Many posts have dealt with tariffs and trade. U.S. Solicitor General D. John Sauer argued that the International Emergency Economic Powers Act gave Trump the power to impose tariffs.
JUSTICE GORSUCH: You're saying there's inherent authority in foreign affairs, all foreign affairs, so regulate commerce, duties and --and --and --and tariffs and war. It's inherent authority all the way down, you say. Fine. Congress decides tomorrow, well, we're tired of this legislating business. We're just going to hand it all off to the President. What would stop Congress from doing that?
GENERAL SAUER: That would be different than a situation where there are metes and bounds, so to speak. It would be a wholesale abdication.
JUSTICE GORSUCH: You say we --we -- we are not here to judge metes and bounds when the foreign affairs.
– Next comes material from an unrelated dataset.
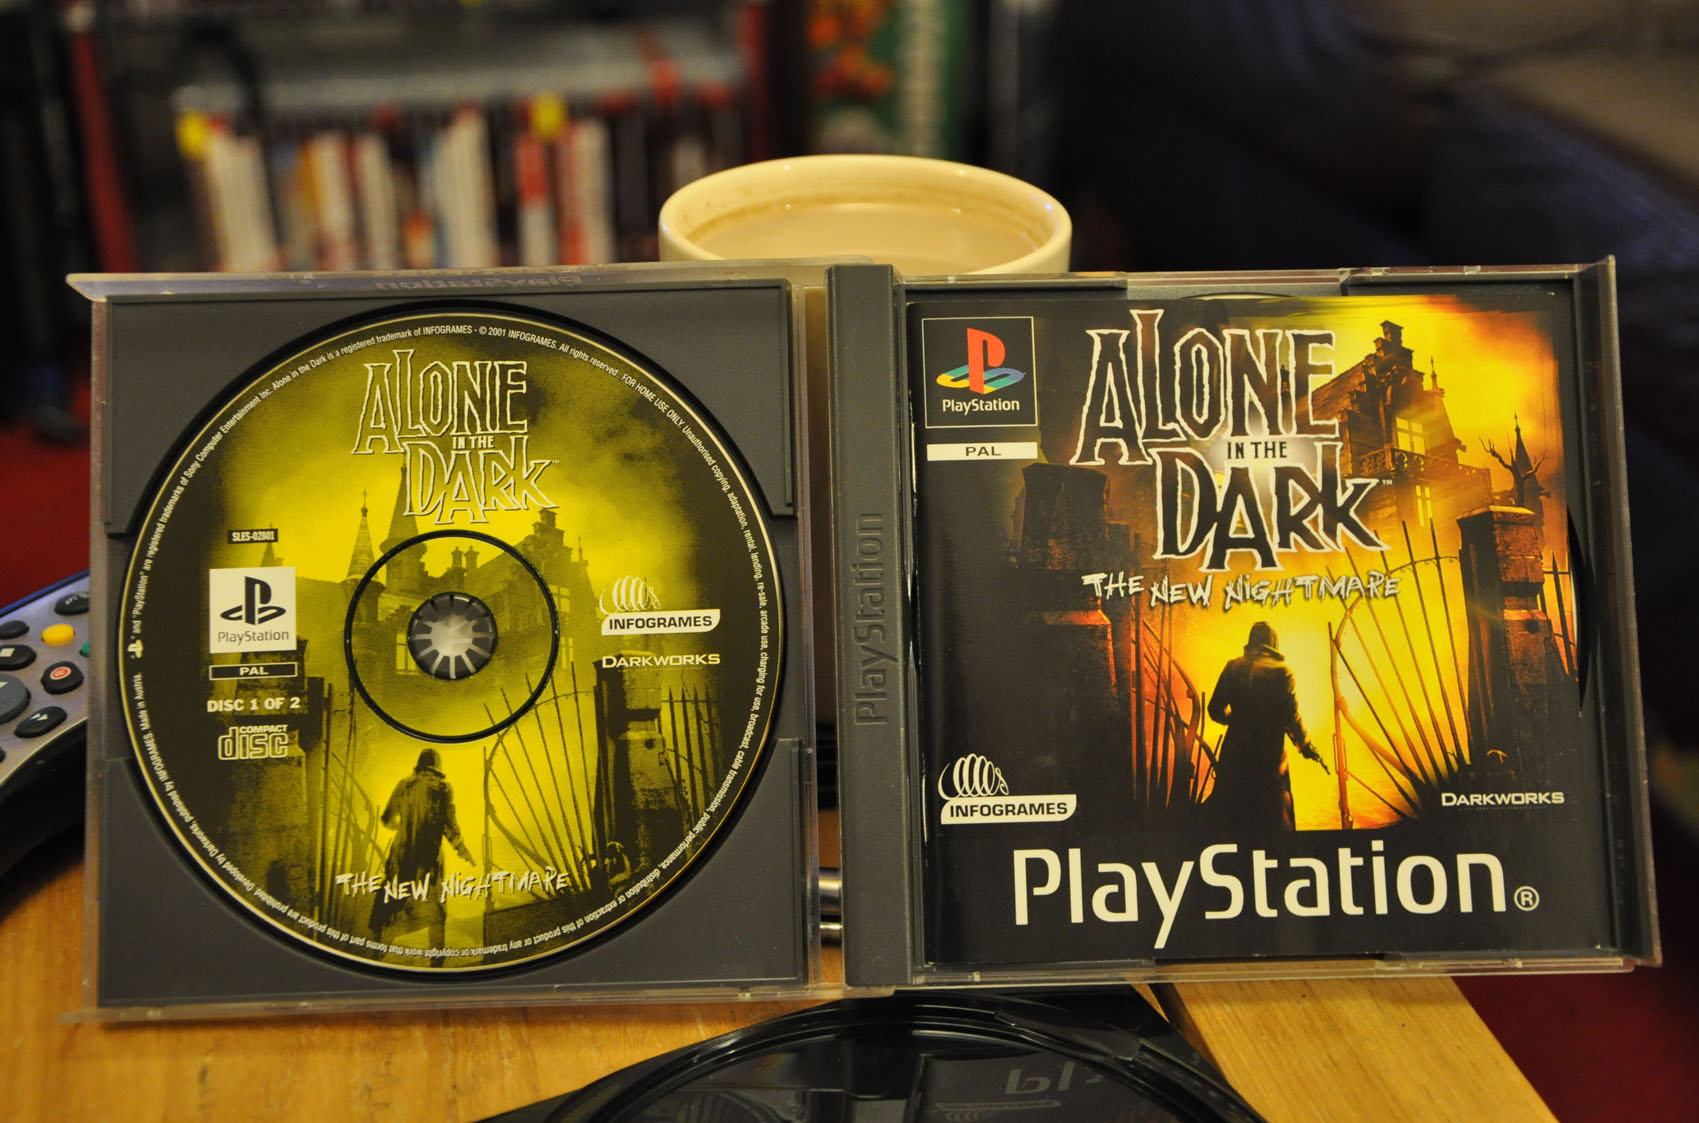 Alone in the dark ps4. Alone in the Dark ps1. Alone in the Dark 4 ps1. Alone the Dark ps1. Alone in the Dark the New Nightmare ps1.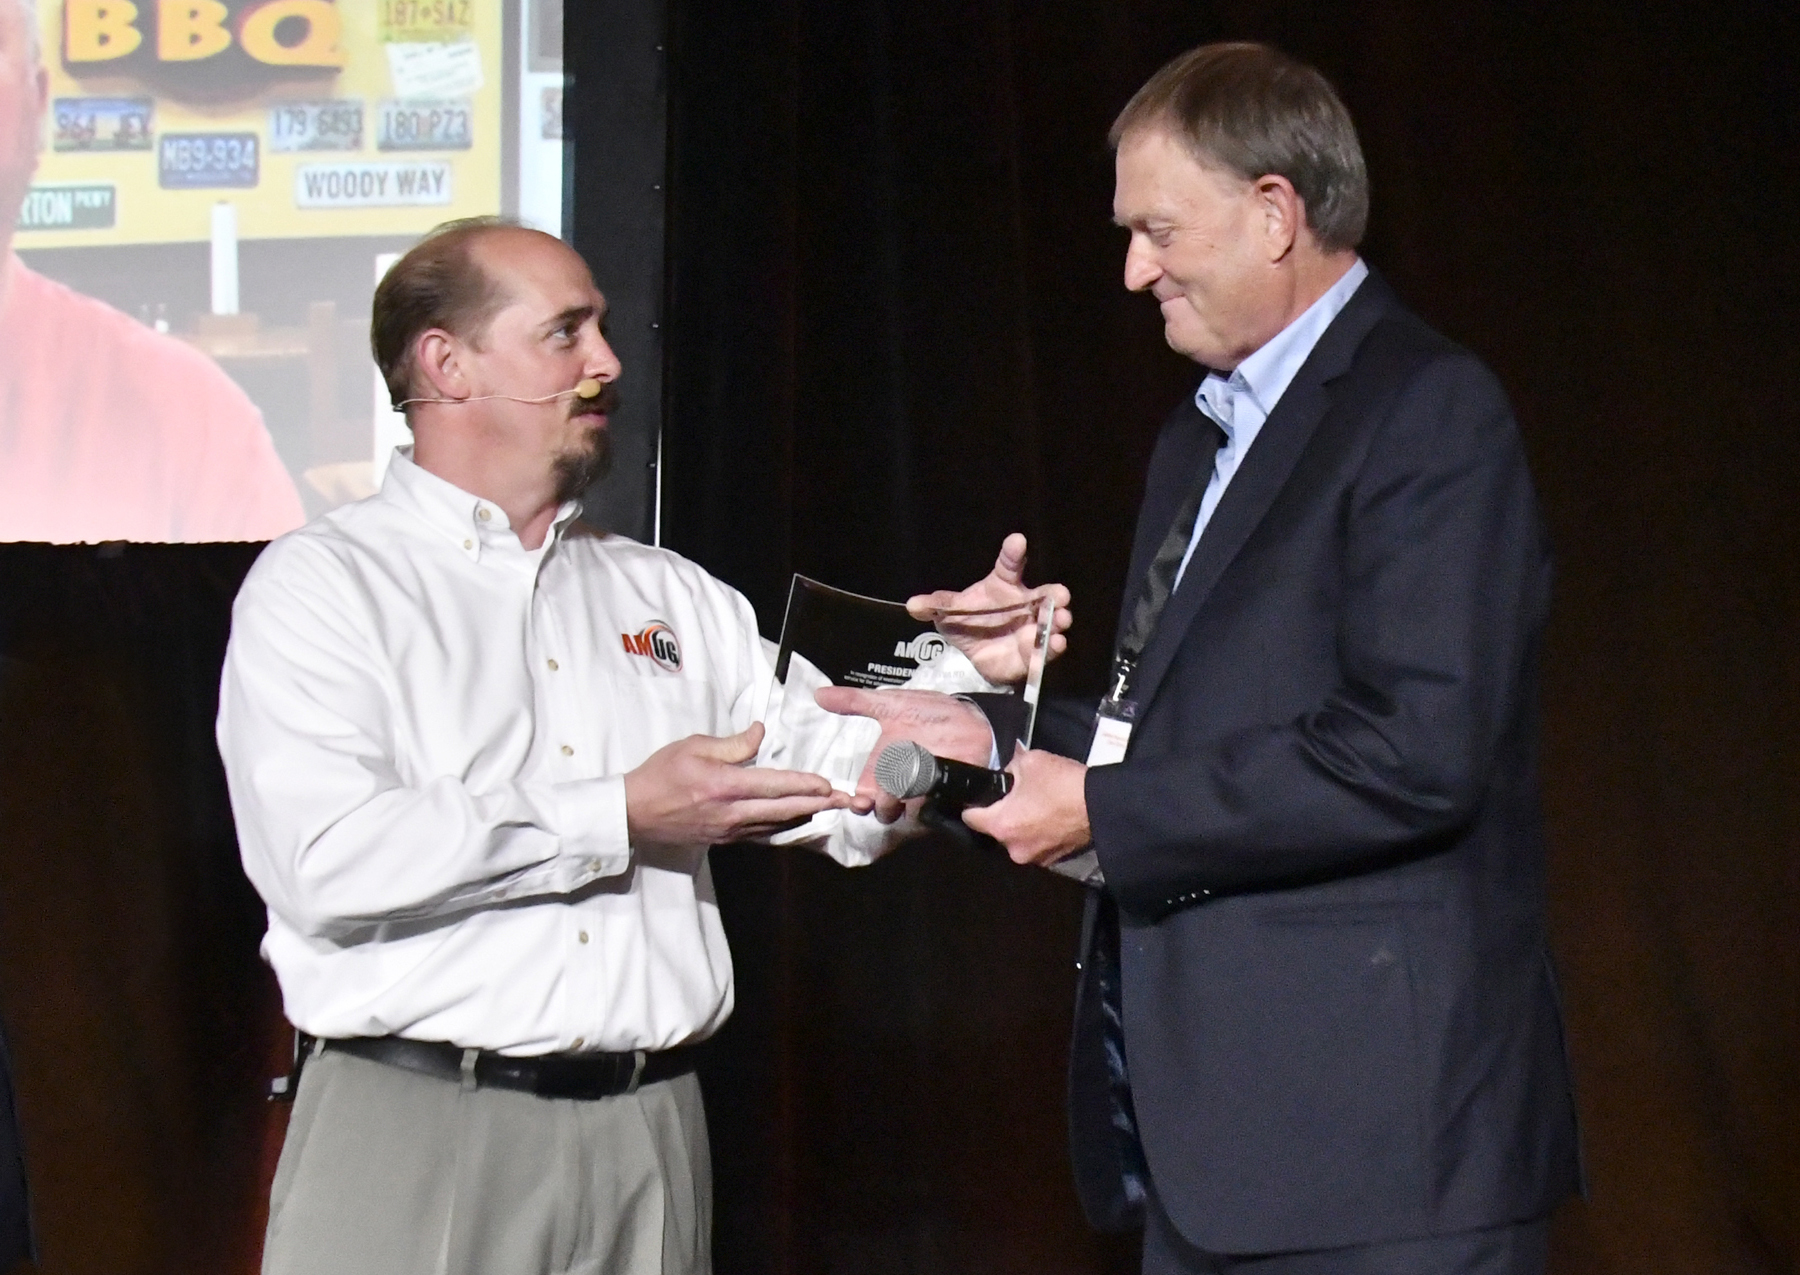 Scott Crump (right) accepts the President's Award on behalf of Terry Hoppe, presented by Carl Dekker.

That's what I'm struggling with. You'd have to have some test. And if it isn't the intelligible principle test or something more --with more bite than that, you're saying it's something less. Well, what is that less?
GENERAL SAUER: I think what the Court has said in its opinions is just that it applies with much less force, more limited application in this context. So perhaps the right way to approach it is a very, very deferential application of the intelligible --intelligible principle test, that --that sort of wholesale abdication of --don't like to --
JUSTICE GORSUCH: All right. So now you're admitting that there is some nondelegation principle at play here and, therefore, major questions as well, is that right?
GENERAL SAUER: If so, very limited, you know, very, very deferential --
JUSTICE GORSUCH: Okay.
GENERAL SAUER: --and limited is what --and, again, the phrase that Justice Jackson used is it just does not apply, at least --
JUSTICE GORSUCH: I know, but that's where you started off, and now you've retreated from that as I understand it.
GENERAL SAUER: Well, I think we would as our frontline position assert a stronger position, but if the Court doesn't accept it, then, if there is a highly deferential version --
JUSTICE GORSUCH: Can you give me a reason to accept it, though? That's what I'm struggling and waiting for. What's the reason to accept the notion that Congress can hand off the power to declare war to the President?
GENERAL SAUER: Well, we don't contend that. Again, that would be --
JUSTICE GORSUCH: Well, you do. You say it's unreviewable, that there's no manageable standard, nothing to be done. And now you're --I think you --tell me if I'm wrong. You've backed off that position.
GENERAL SAUER: Maybe that's fair to say.